## Try it
Could you restate word for word only the lines below from the one holding "Bublédon Men's Two" to the one holding "A pair of light", inclusive, and leave out the pictures?

━━━━━ Raw data ━━━━━

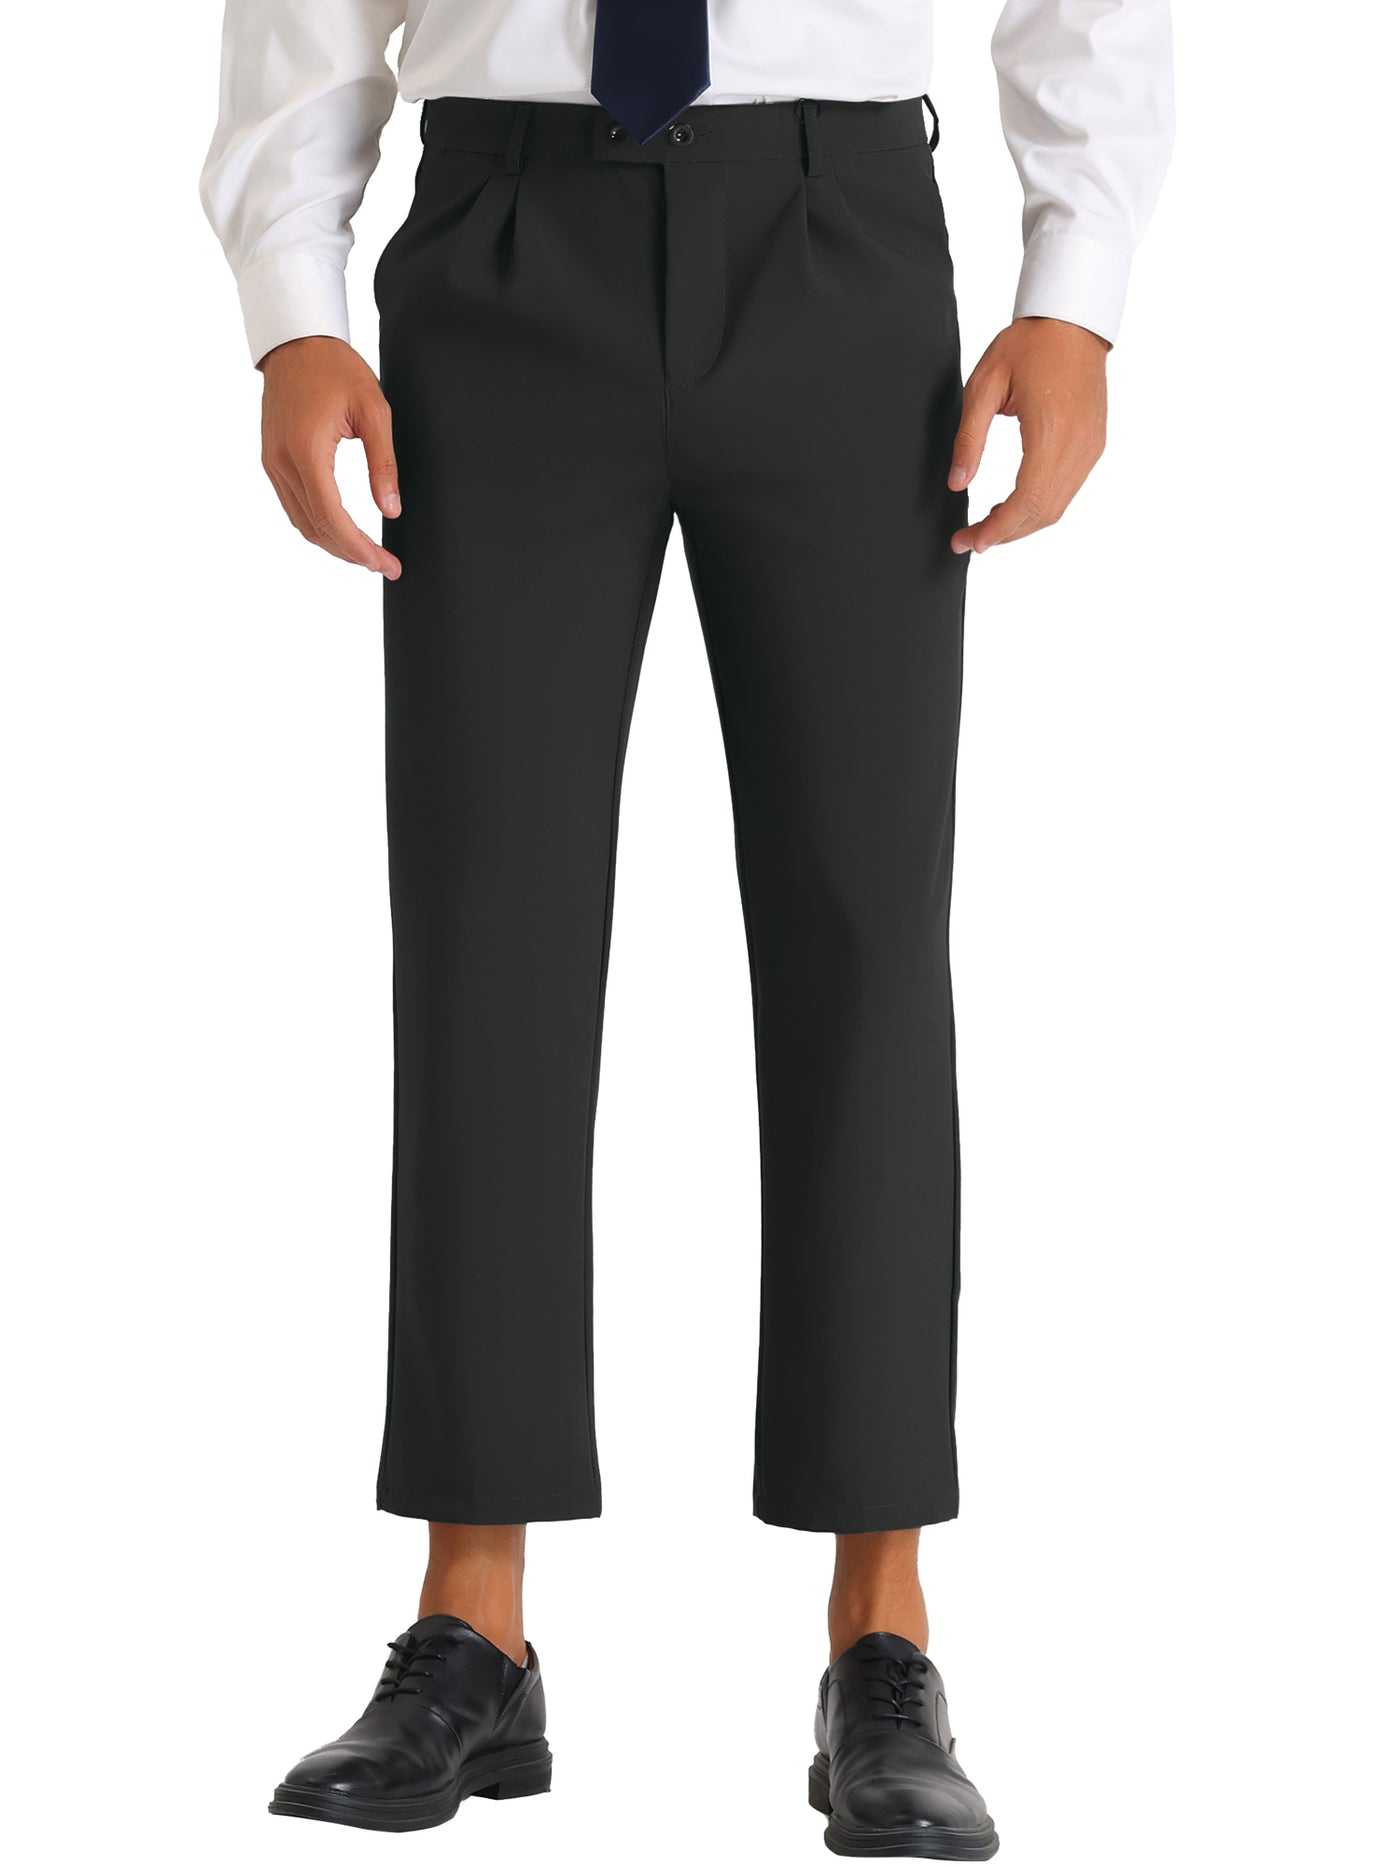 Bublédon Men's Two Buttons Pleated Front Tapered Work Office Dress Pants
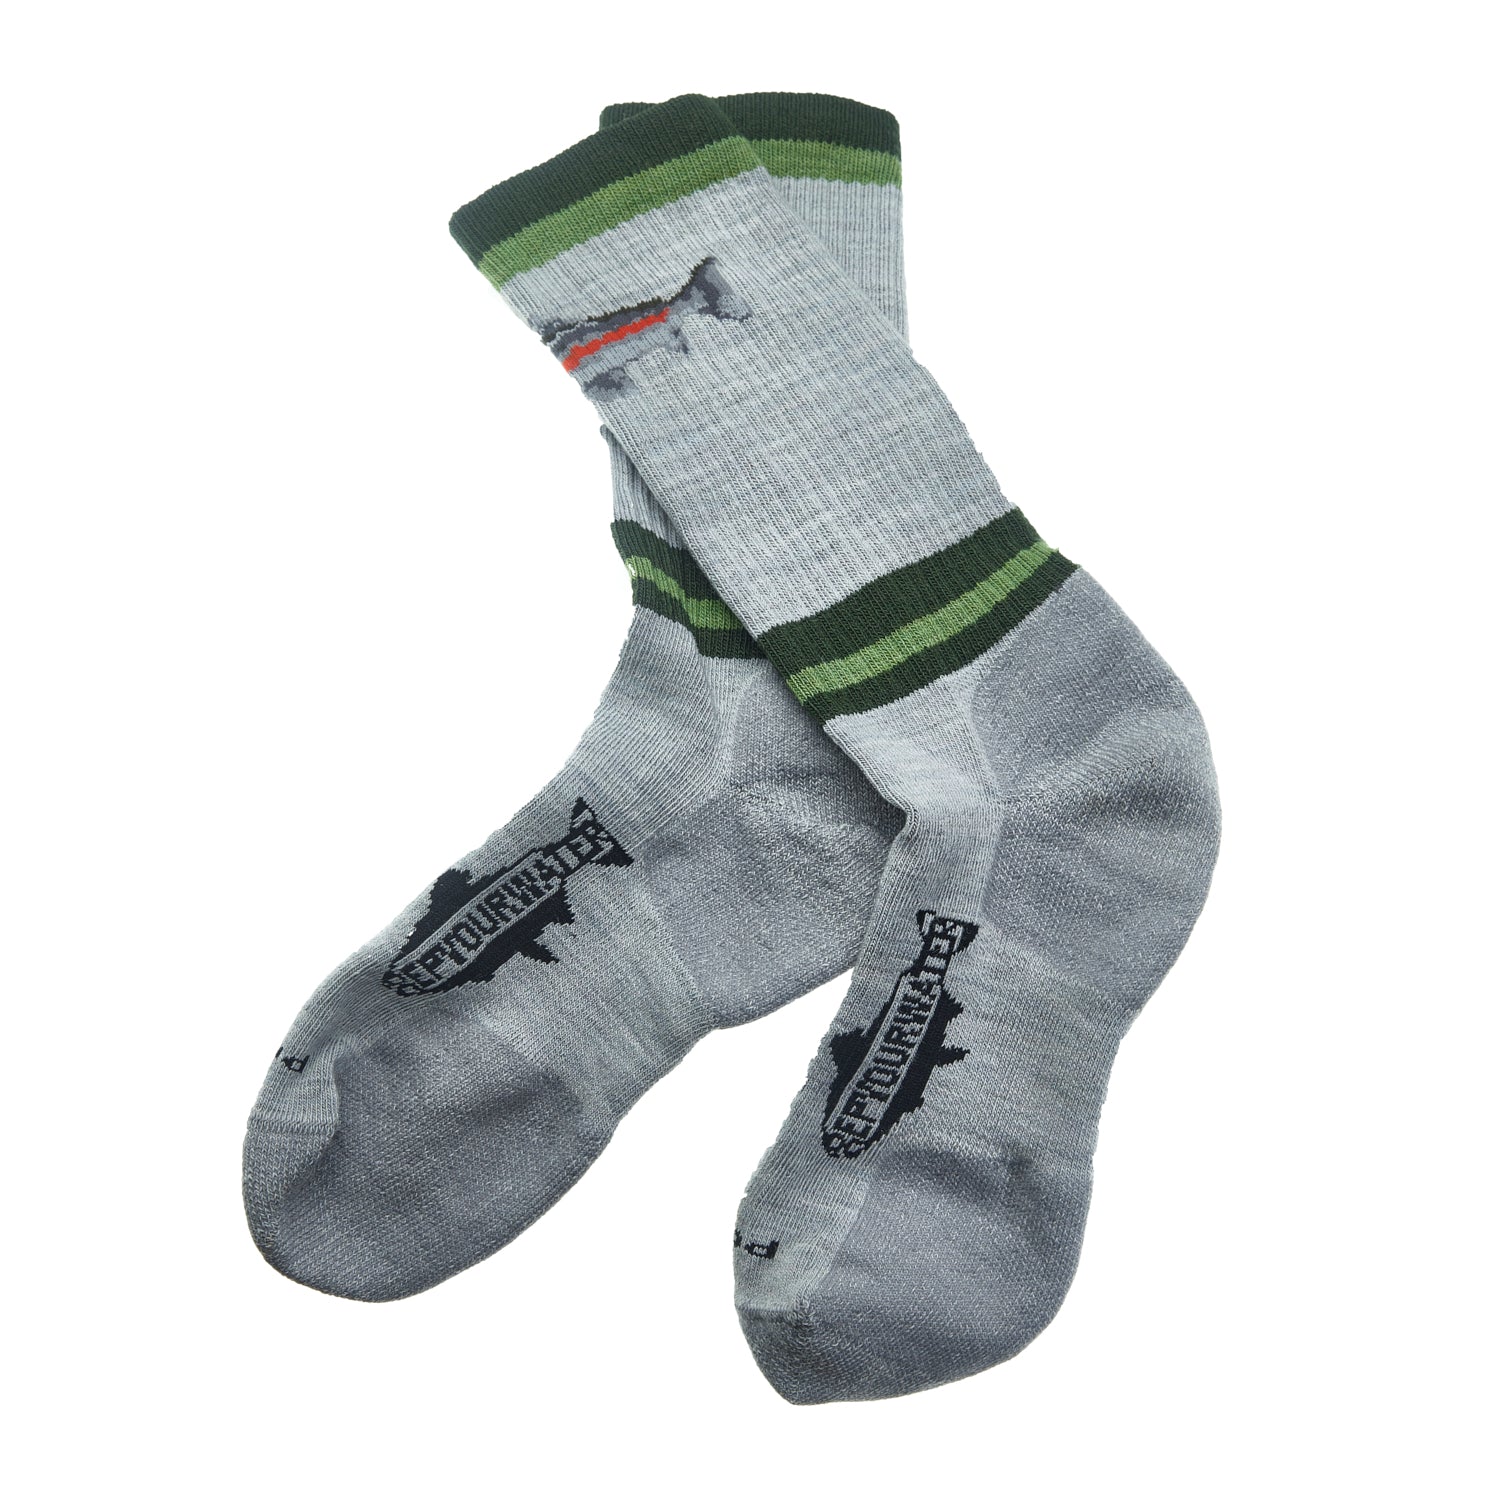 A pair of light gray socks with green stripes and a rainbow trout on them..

━━━━━
━━━━━ Raw data ━━━━━

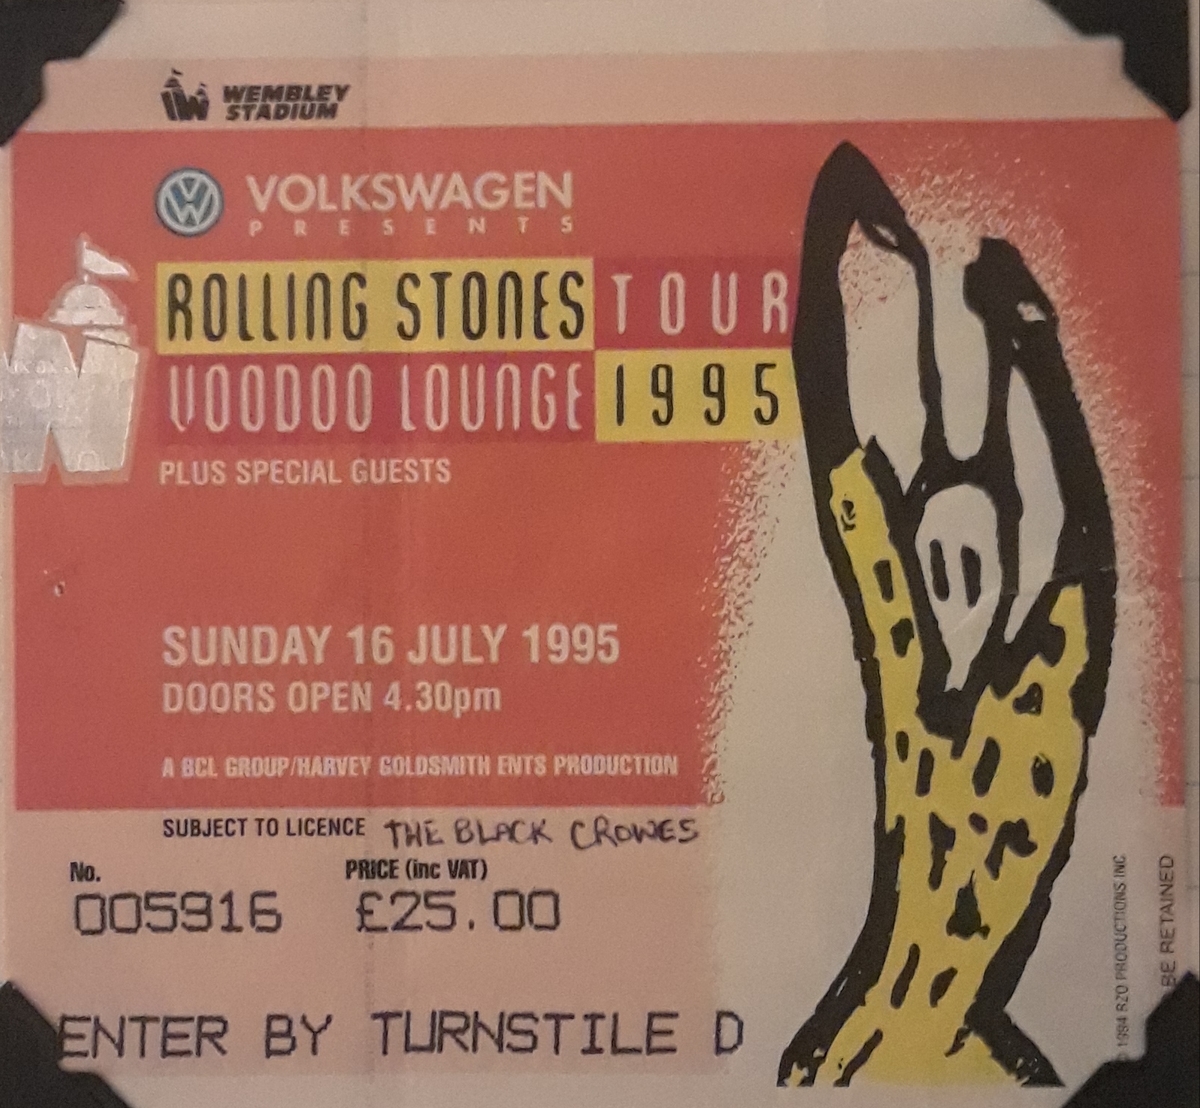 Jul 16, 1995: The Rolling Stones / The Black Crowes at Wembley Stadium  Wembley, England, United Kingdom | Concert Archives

━━━━━

## Response to the exercise
 Bublédon Men's Two Buttons Pleated Front Tapered Work Office Dress Pants
 A pair of light gray socks with green stripes and a rainbow trout on them..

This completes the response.